20 Feb 2014 Jonas Lemberg

Goa government confused about casino transfer policy; to notify complete casino regulations by March

The Goa government and opposition parties have been engaged in a major war of words over the state’s casino policy for the past few months. In January 2014, Goa Chief Minister Manohar Parrikar announced that the Goa Public Gambling (Amendment) Act of 2012 which barred entry of Goan residents into onshore and offshore casinos will be enforced from 1st March 2014 after rules and regulations regarding the same are notified. It was also announced that a Gaming Commission would be in place before 1st March to regulate onshore and offshore casinos.

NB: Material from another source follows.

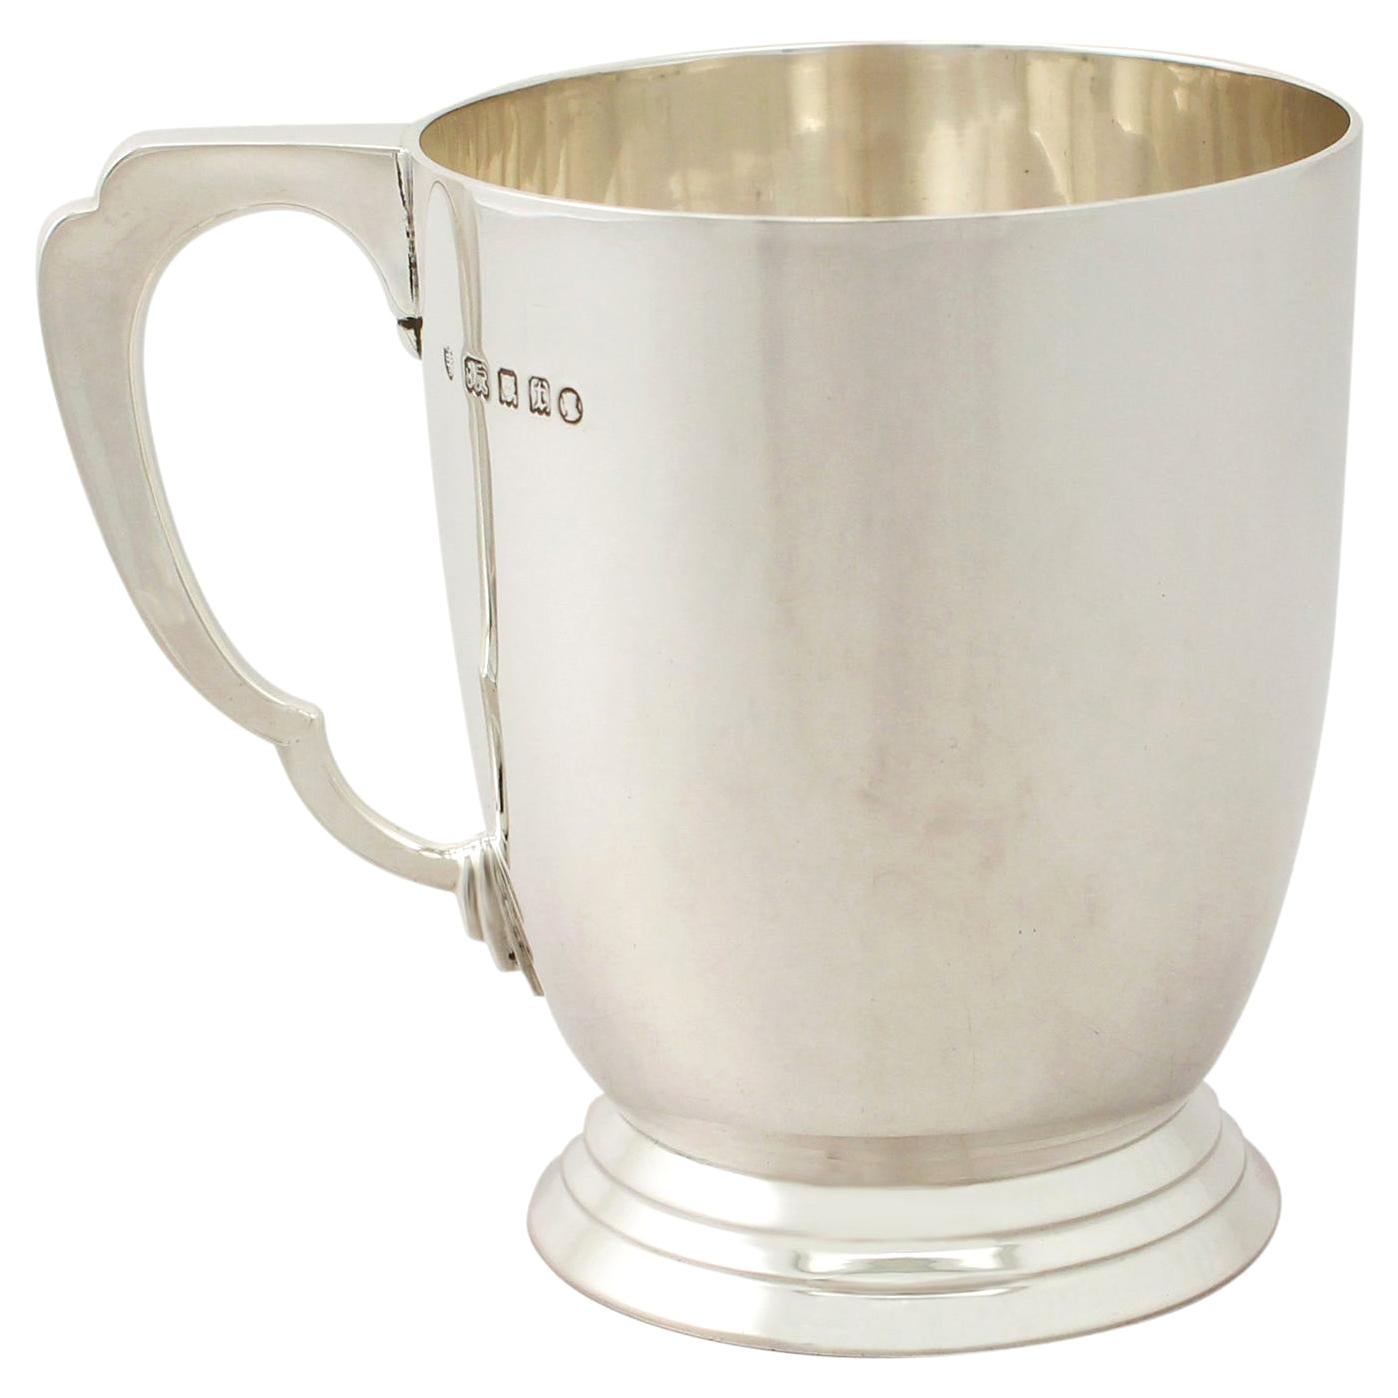 Antique Art Deco Sterling Silver Pint Mug by Edward Barnard & Sons Ltd

Parrikar in a media statement said, “Casino rules will be finalised by Feb 28 after which Goans will be banned from entering casinos. Only tourists will be allowed.” Parrikar added that powers and duties of the independent Gaming Commissioner would be decided after extensive research. He added that the Gaming Commission was expected to be in place by March 2014.

However despite this assurance, political parties and social organisations remain unsatisfied with the state’s casino policy and claim that the government is going back on its anti-casino stand. The latest controversy has arose from the government’s decision that it could allow transfer of casino license to other entities based on certain contingencies but backtracked after opposition from Congress party, Aam Aadmi Party (AAP) and anti-casino NGO Aam Aurat Aamdi Against Gambling (AAAAG). In a media interaction with journalists Parrikar did not clearly answer a question on the state’s casino transfer policy stating, “I can’t remember what new rules say…Whether there is a provision or not.”

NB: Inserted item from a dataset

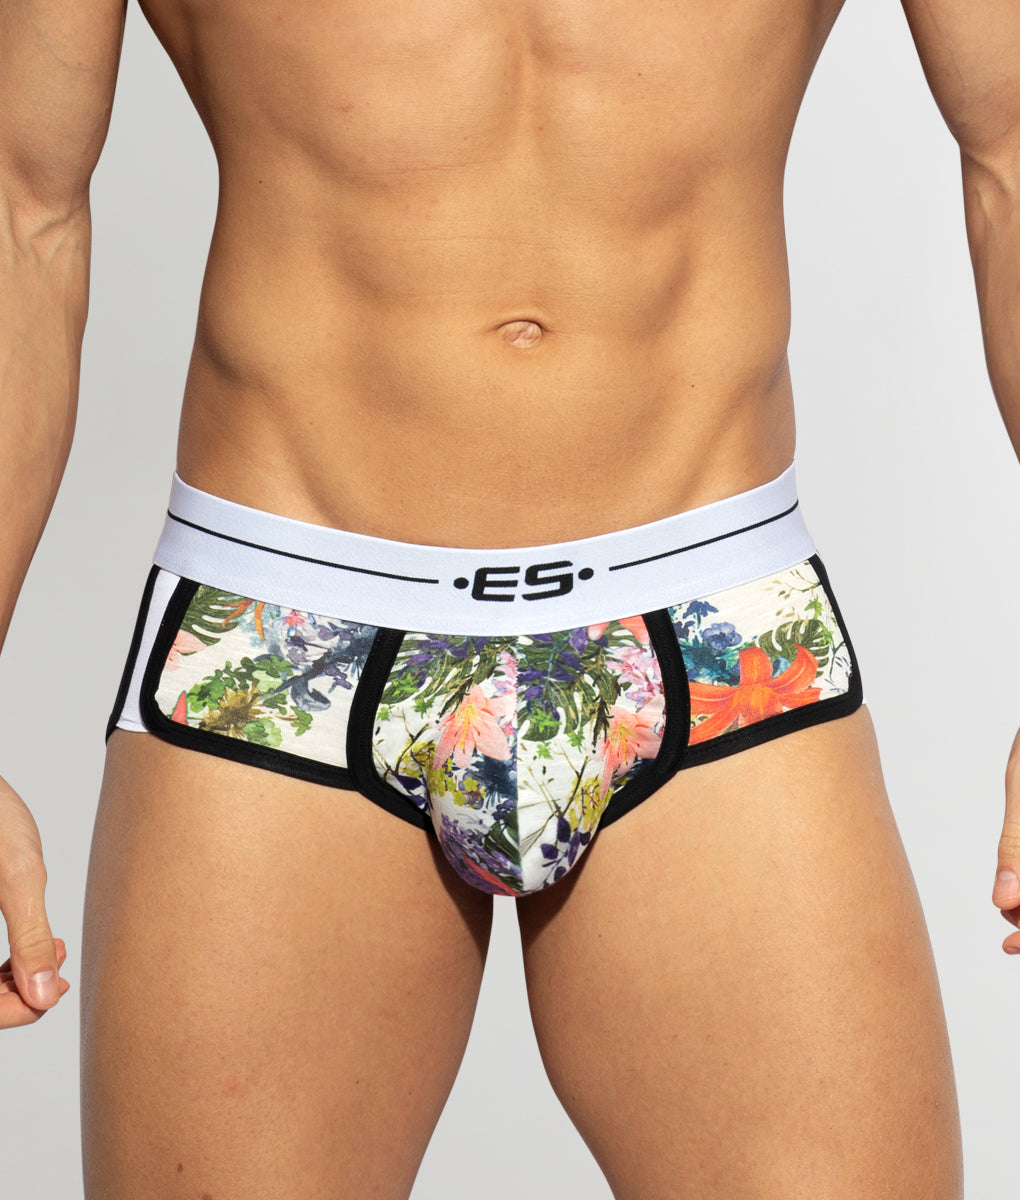 SPANX for Men Underwear at International Jock Underwear & Swimwear

Interestingly, Section 13E of the amended Goa Public Gambling Act states that no person shall transfer a license obtained under provisions of the Act expect with prior permission of the state government on application and payment of prescribed fees. However the exact procedure on such transfer remains unclear and no guidelines have been framed on the issue.

It must be noted that once notified the Goa Gaming Commission would have wide-reaching powers to regulate all offshore and onshore casinos, issue tourist permits for entry to casinos, make rules for transfer of casino licenses and to make rules for conduct of games in casinos.

The exact nature and rules governing Goa’s casino industry and appointment of a Gaming Commissioner is expected to be notified in the next couple of months after which there would be more clarity on the future direction of the gaming industry in the state.